Le régime de cet avantage serait aligné sur celui des autres prestations d'aide sociale (revenu minimum d'insertion, allocation adulte handicapé, etc.) et ne serait plus réservé qu'aux personnes, françaises ou étrangères, qui résident sur le territoire national.

Intégration du régime vieillesse des cultes au régime général

2-41

Le régime de retraite des cultes serait aligné sur celui du régime général, auquel il était déjà intégré financièrement. Le droit à pension serait ouvert dans les mêmes conditions que pour les salariés du régime général.

Les intéressés pourraient également être affiliés au régime de retraite complémentaire des salariés.

Relèvement du taux de la taxe sur les organismes complémentaires

2-42

Le taux de la taxe à la charge des mutuelles, des institutions de prévoyance et des entreprises régies par le code des assurances, instaurée en 1999 au profit du Fonds de financement de la protection complémentaire de la couverture universelle du risque maladie (CMU-C), serait augmenté de 0,75 points, soit 2,5 % au lieu de 1,75 %. Le forfait que ces entreprises peuvent déduire de la contribution dont elles sont redevables serait, quant à lui, revalorisé de 76,13 € à 85 €.

Par ailleurs, le montant du crédit d'impôt dont bénéficient ces organismes au titre de l'acquisition d'une assurance complémentaire de santé par les personnes dont les ressources sont légèrement supérieures au plafond de la couverture maladie universelle complémentaire serait porté à 100 € (au lieu de 75 €) par an pour les moins de 25 ans, à 200 € (au lieu de 150 €) pour les 25-59 ans et à 400 € (au lieu de 250 €) pour les 60 ans et plus (c. sec. soc. art. L. 863-1).

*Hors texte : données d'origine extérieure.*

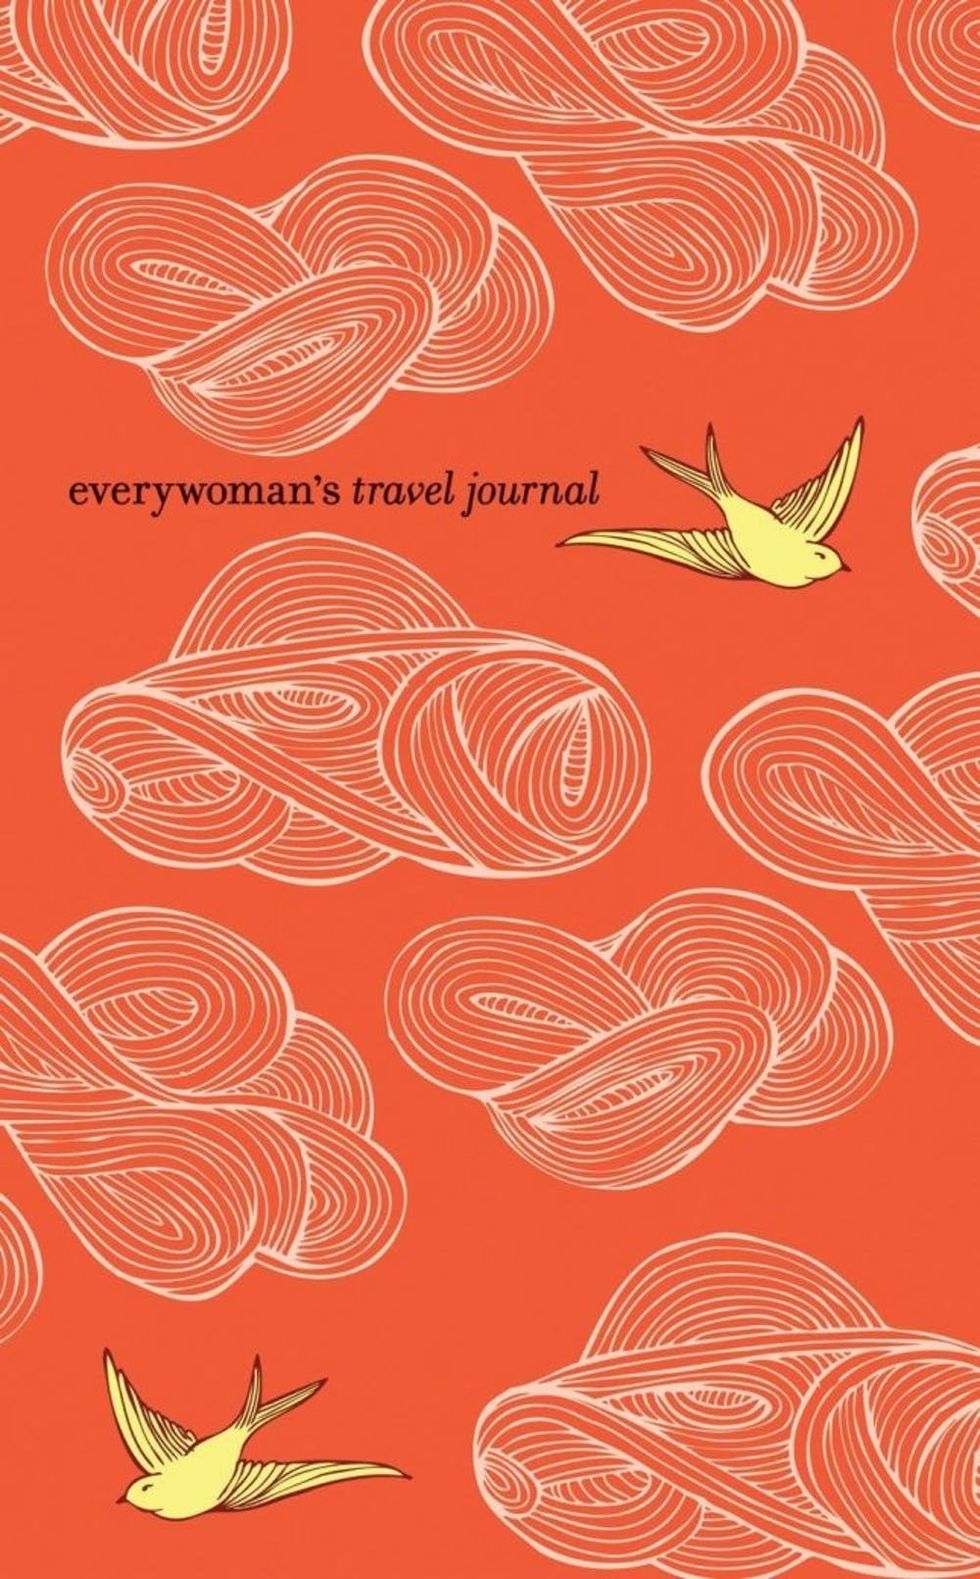 everywoman's travel journal
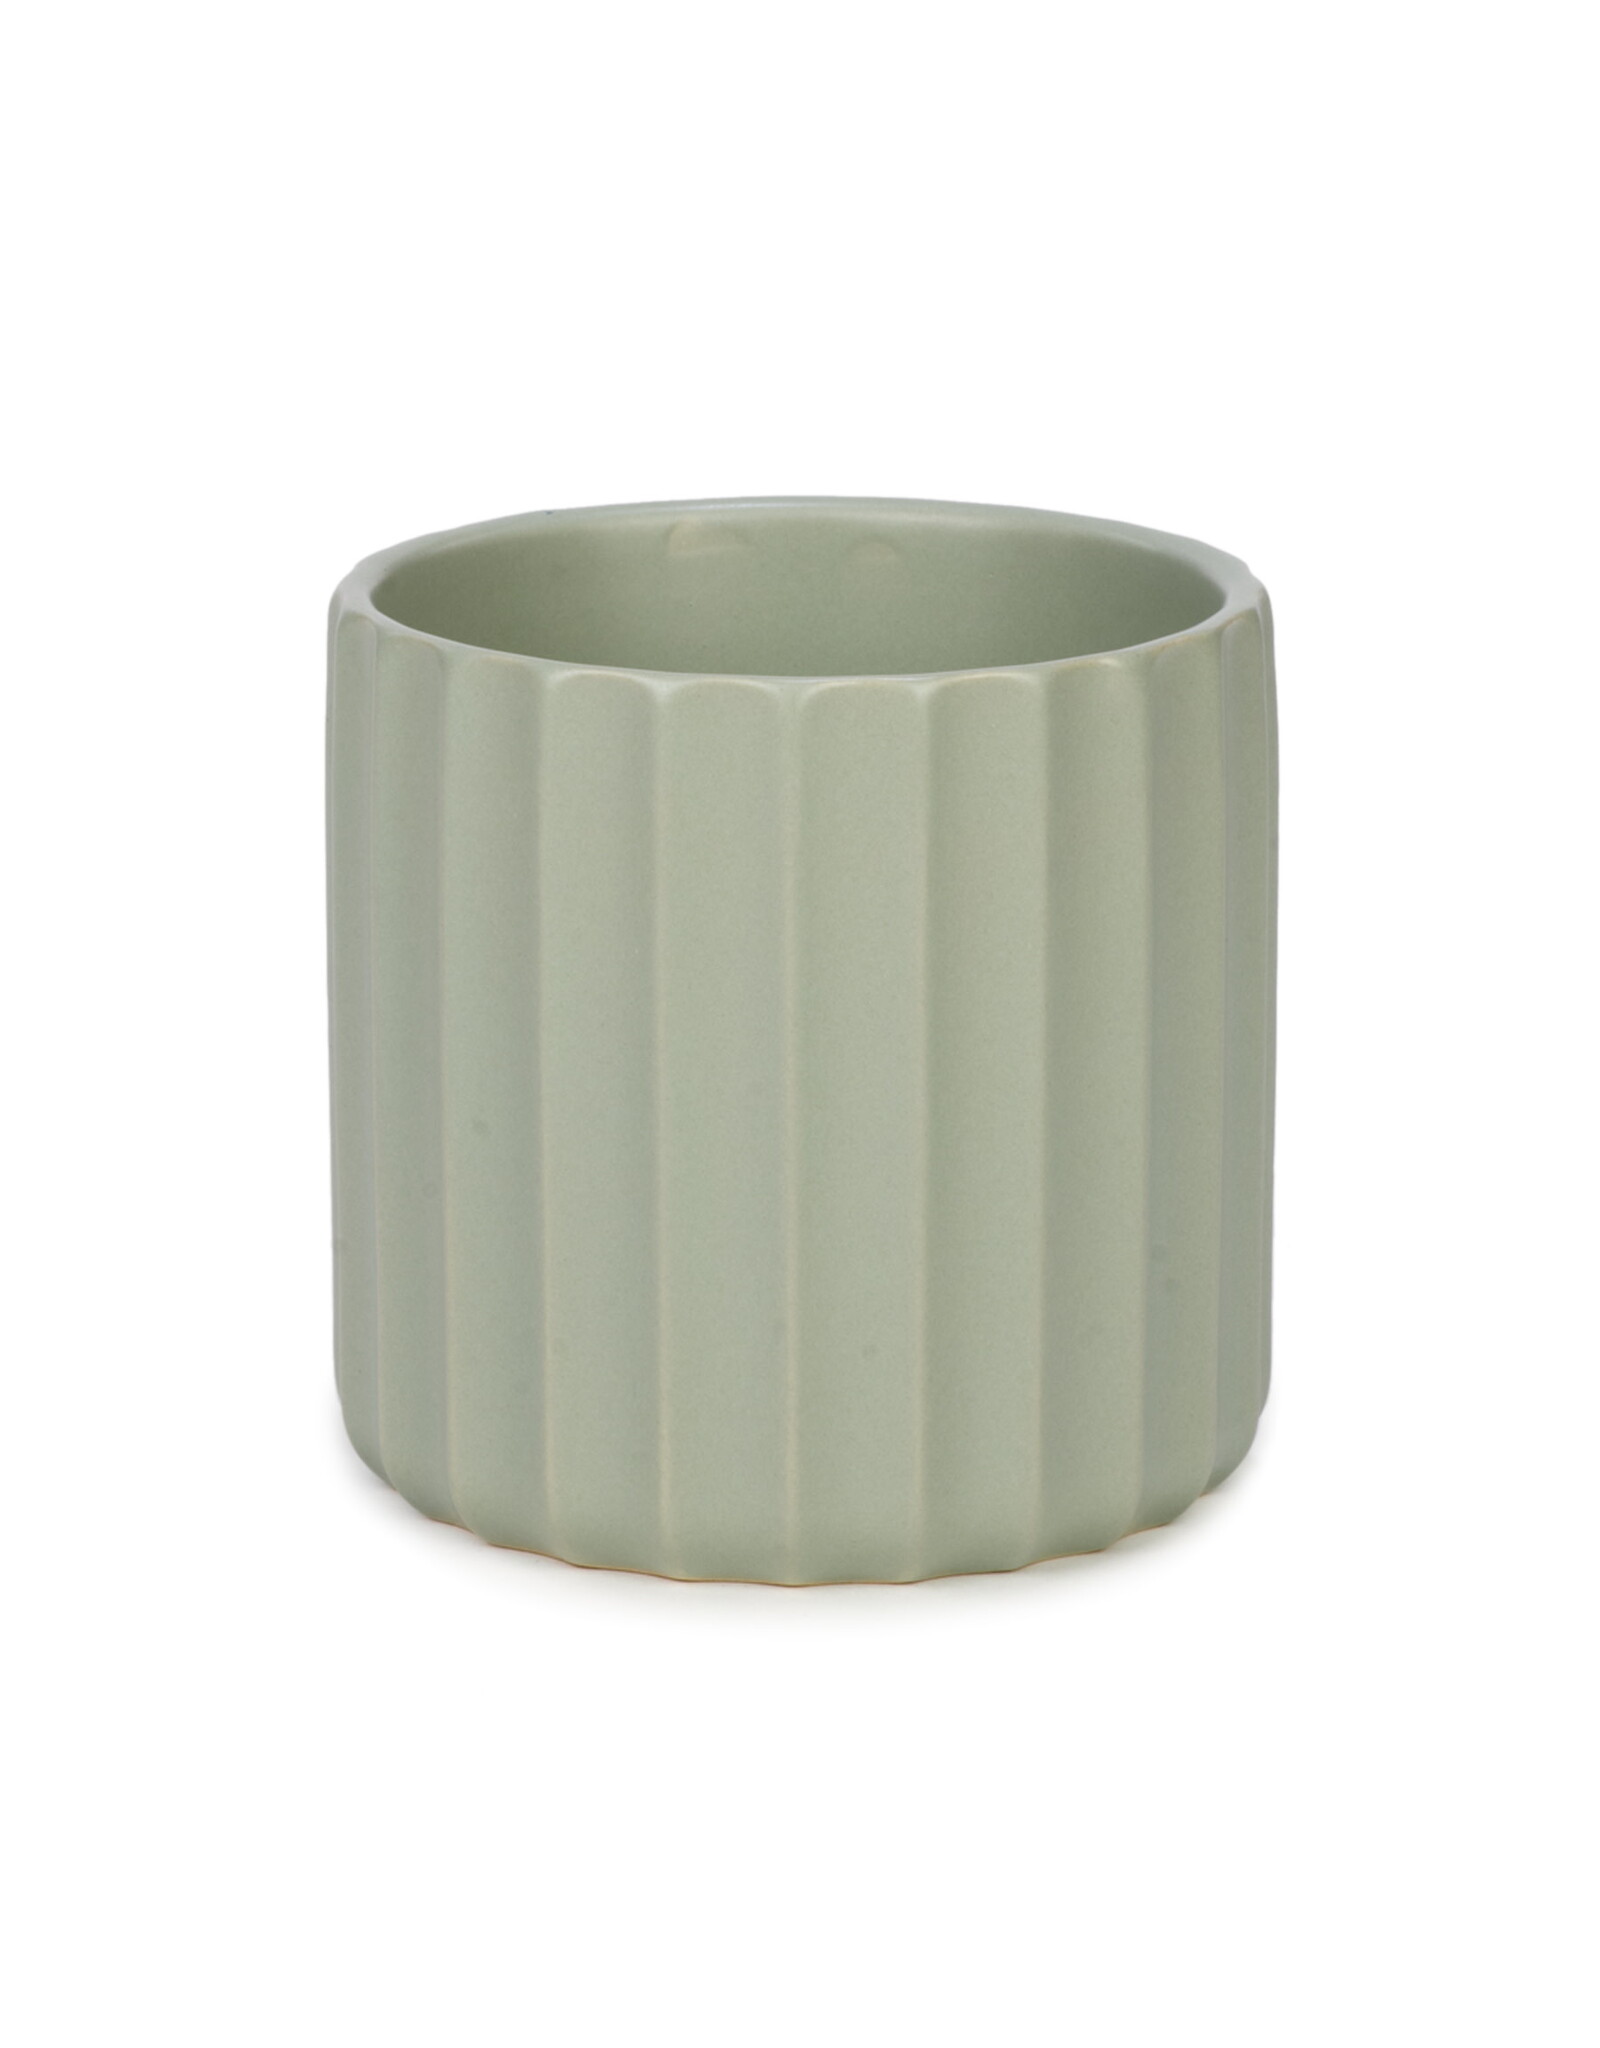 Green Ridged Ceramic Pot

Lutte contre les fraudes aux assurances sociales

2-43

 Les dispositions relatives à la lutte contre la fraude aux assurances sociales (voir FH 3049-3) seraient complétées et harmonisées. Parmi les mesures retenues, notons que :

- les directeurs de tous les organismes de sécurité sociale ainsi que ceux admis à encaisser ou à servir des prestations seraient tenus de réaliser les contrôles et enquêtes nécessaires en cas de fraudes suspectées (en cas de fraudes constatées pour un montant supérieur à un seuil fixé par décret, les organismes devraient engager des poursuites pénales) ;

- les directeurs des organismes de sécurité sociale confieraient à des agents chargés du contrôle, parmi lesquels figurent les praticiens-conseils, le soin de procéder à toutes vérifications ou enquêtes administratives concernant l'attribution des prestations et la tarification des accidents du travail et des maladies professionnelles ;

- les possibilités d'échanges d'informations, aujourd'hui prévues entre organismes de sécurité sociale, seraient élargies aux caisses assurant le service des congés payés ainsi qu'aux organismes en charge de l'indemnisation du chômage ;

- quiconque se rend coupable de fraude ou de fausse déclaration pour obtenir, ou faire obtenir ou tenter de faire obtenir des prestations ou des allocations de toute nature, liquidées et versées par les organismes de protection sociale, qui ne sont pas dues, serait passible d'une amende de 5 000 € sans préjudice des peines résultant de l'application d'autres lois, le cas échéant ;

- les agents habilités à lutter contre le travail illégal devraient signaler systématiquement aux organismes attributaires de prestations sociales sous conditions de ressources ou d'activité, l'exercice d'une activité dissimulée par un salarié qui a accepté, dans un but frauduleux, voire organisé, les conditions de cette activité ;

- un nouveau dispositif permettrait aux directeurs des organismes chargés de la gestion des prestations familiales ou de l'assurance vieillesse d'appliquer des pénalités lorsque les déclarations faites par les bénéficiaires apparaissent inexactes ou incomplètes, ou lorsque la personne n'a pas déclaré un changement de la situation ouvrant droit à la prestation ;

- les organismes de sécurité sociale pourraient demander toute pièce justificative nécessaire au service d'une prestation, soit pour l'ouverture du droit, soit au cours du versement aux fins de contrôle.